The individual has right of access to their personal data. At present an organisation is allowed to take up to forty days to process a request and charge a levy of £10. Under the new regime any requests must be dealt with within one month of receipt and be free of charge.
The individual has the right to rectification. Any information proven to be inaccurate or incomplete by the individual must be corrected within one month. If it is decided that no action is needed then this must be explained to the individual and information on their right to complain, and to who, should be included.

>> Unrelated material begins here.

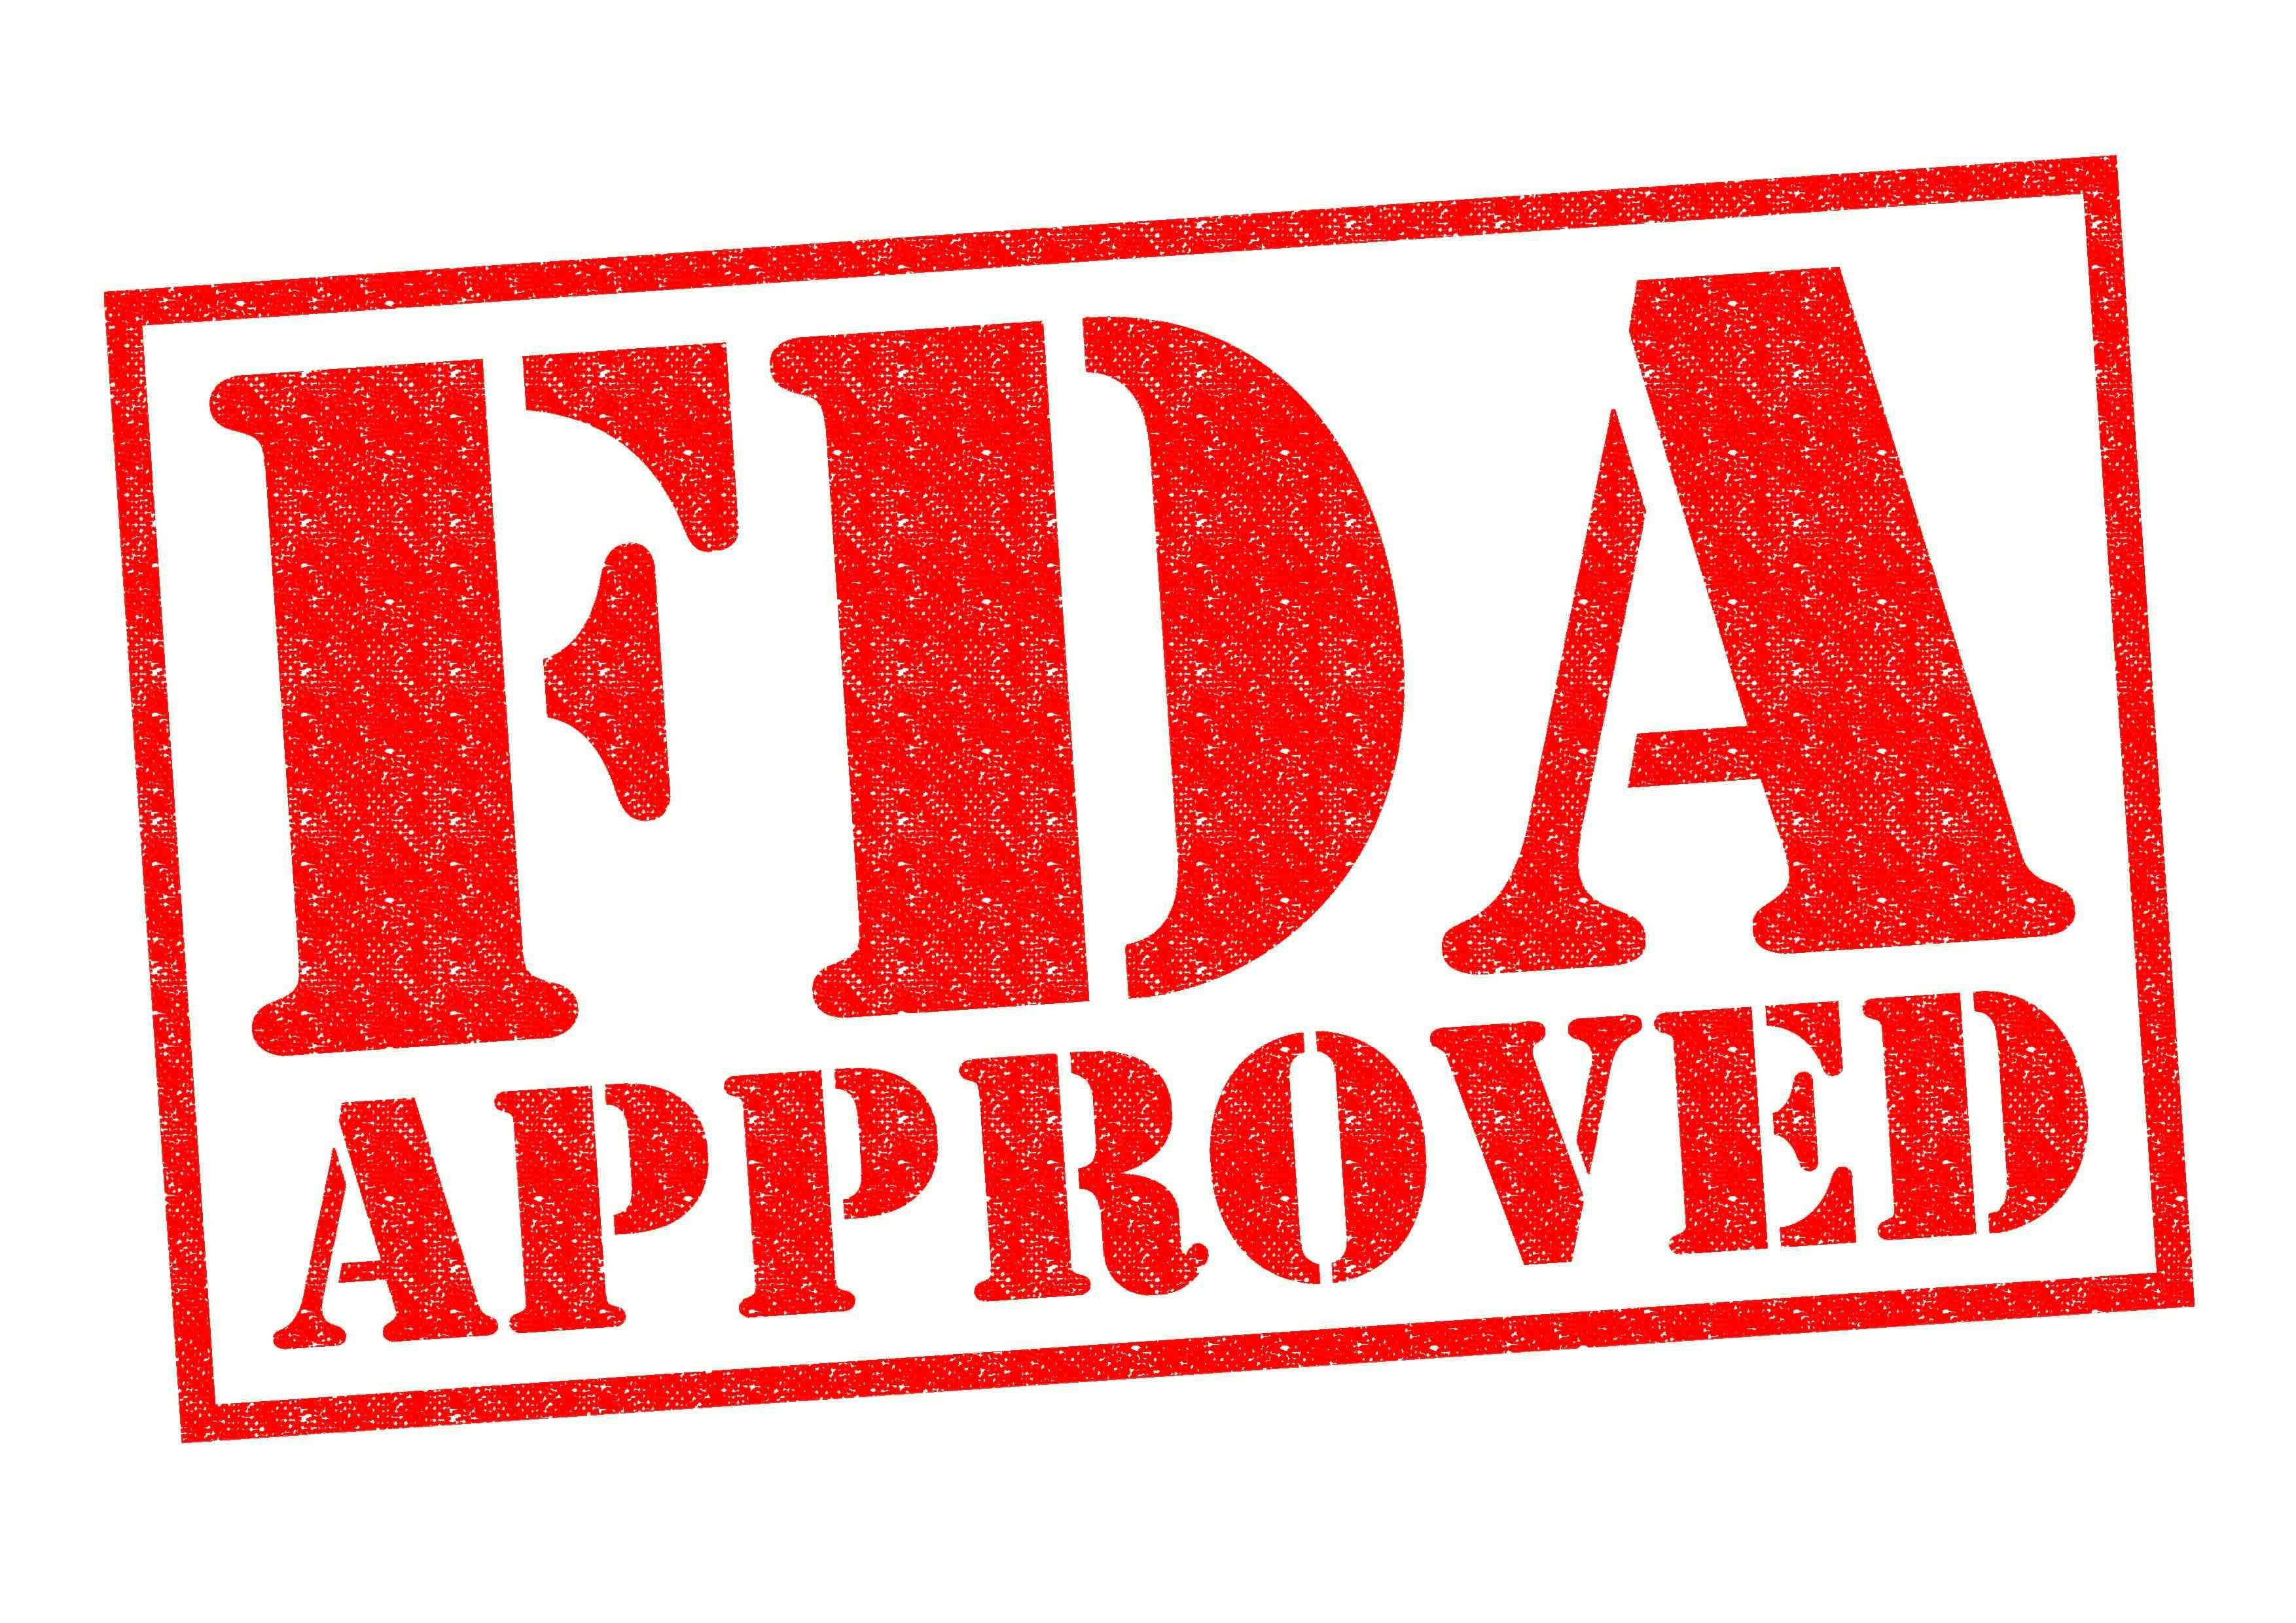 Red FDA Approved stamp on a white backgroun

The individual has the right to erasure. This is also known as the right to be forgotten, and this right has been enhanced to include the request to delete or remove all personal data where there is no reason to hold it.

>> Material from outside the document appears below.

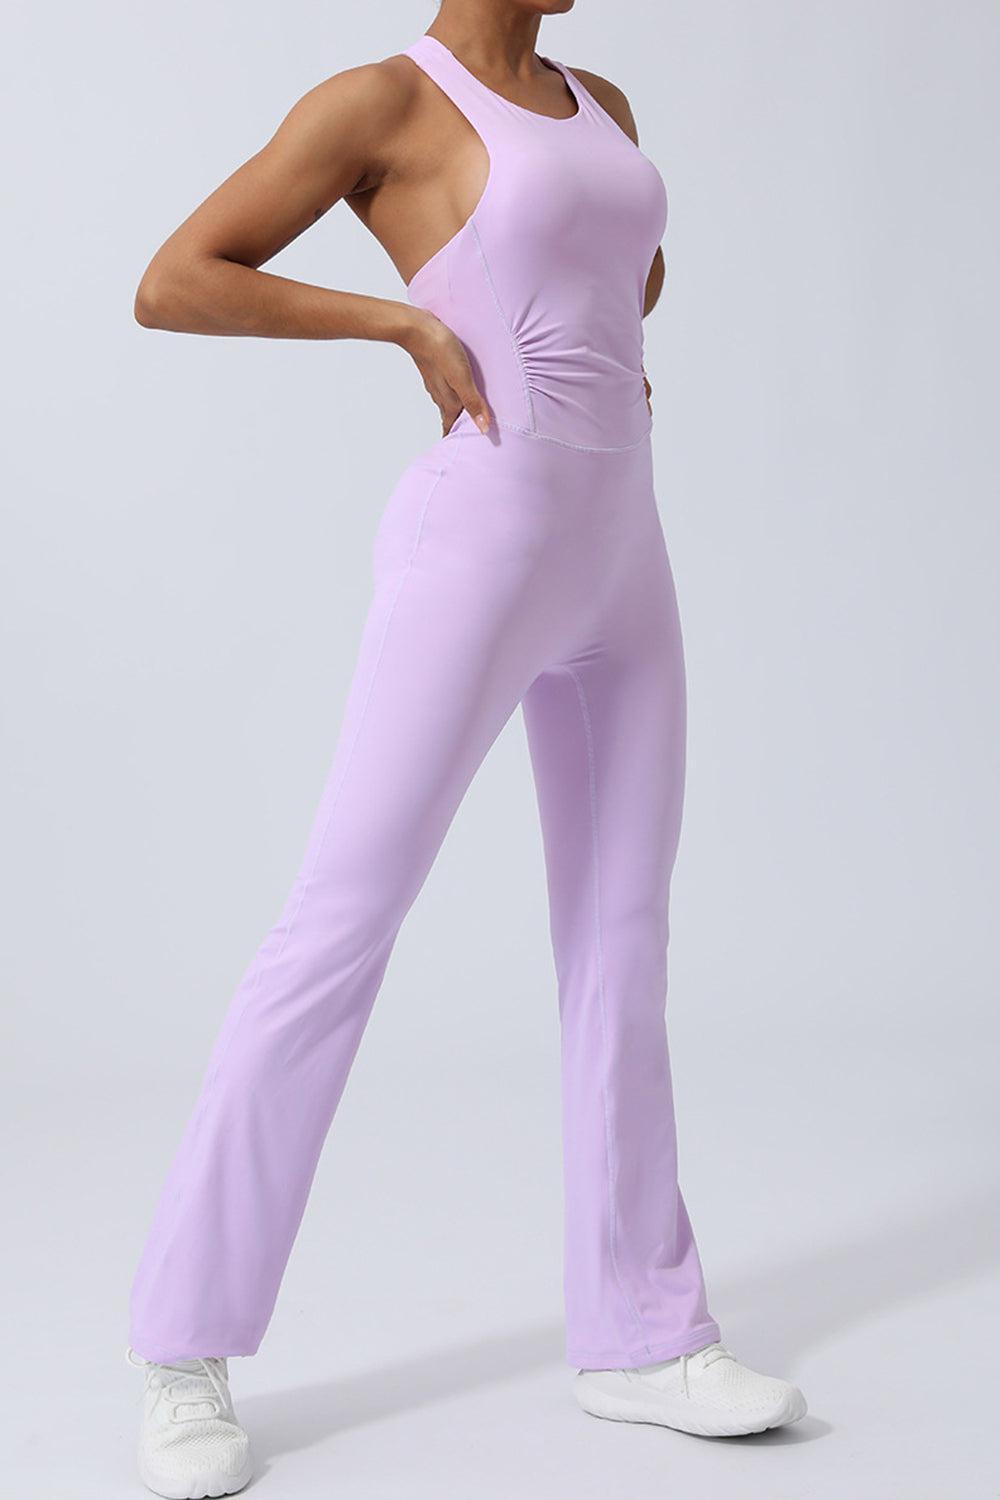 a woman in a purple jumpsuit posing for a picture

The individual also has the right to restrict processing. An individual can request the restriction of data and this must be complied with if the data is in dispute; processing it would be unlawful; or the personal data is needed by the individual to establish, exercise or defend a legal claim.
Where information has been disclosed to third parties then the third party must be informed of the restriction and reasonable steps must be taken to ensure that they comply. If the data restriction is lifted then the individual must be informed.
The individual also has the right to data portability where they can move and transfer their personal data in a way that is easy and safe.
The individual also has the right to object to the processing of their personal data, as well as rights in relation to automated decision making.
The individual has the right to object to an automated decision where that decision has a legal or significant effect on the individual (an example would be where educational qualifications are required for a teaching position).
HR/Payroll is legally obliged to hold data for a minimum of three years after the end of the tax year. For many educational establishments that is a lot of data and storage can be a problem, whether stored manually or electronically.
One solution often used is that of a third party data storage supplier. If this is used, then a check of their compliance will need to be made.
The most publicised data breaches are by hackers who break into an organisation’s electronic systems. However, data breach also covers unauthorised disclosure and unauthorised access to personal data. This means for example, that any emails sent containing personal data may, if sent without the individual’s consent, be a data breach. And any emails sent in error would definitely be a data breach. Organisations should therefore look to alternative ways of transferring personal data.
Staff are only human and mistakes will happen, so to keep personal data secure one solution is to use ‘pseudonymisation’, that is the de-identifying or anonymising of data by removing the link between the data and the individual concerned.
This will eliminate the risk of discovery of the individual by a hacker or an accidental disclosure. However, it will only work if the code to the pseudonymisation is kept on a separate system to that of the data.
Finally There is a lot to do between now and 25 May 2018 and a lot of processes to go through before achieving compliance. The following is a suggestion of where to start.
Appoint a Steering committee to oversee the whole process and allocate significant jobs and tasks.
Perform an audit, documenting current procedures and enhancing them to meet the new regulation
Train staff in the new procedures and effect a cultural change that will confirm the protection of an individual’s personal data.
If action is taken now, it will still be possible to meet the deadline, but time is tight. Compliance is not optional, and neither are the penalties, so act now.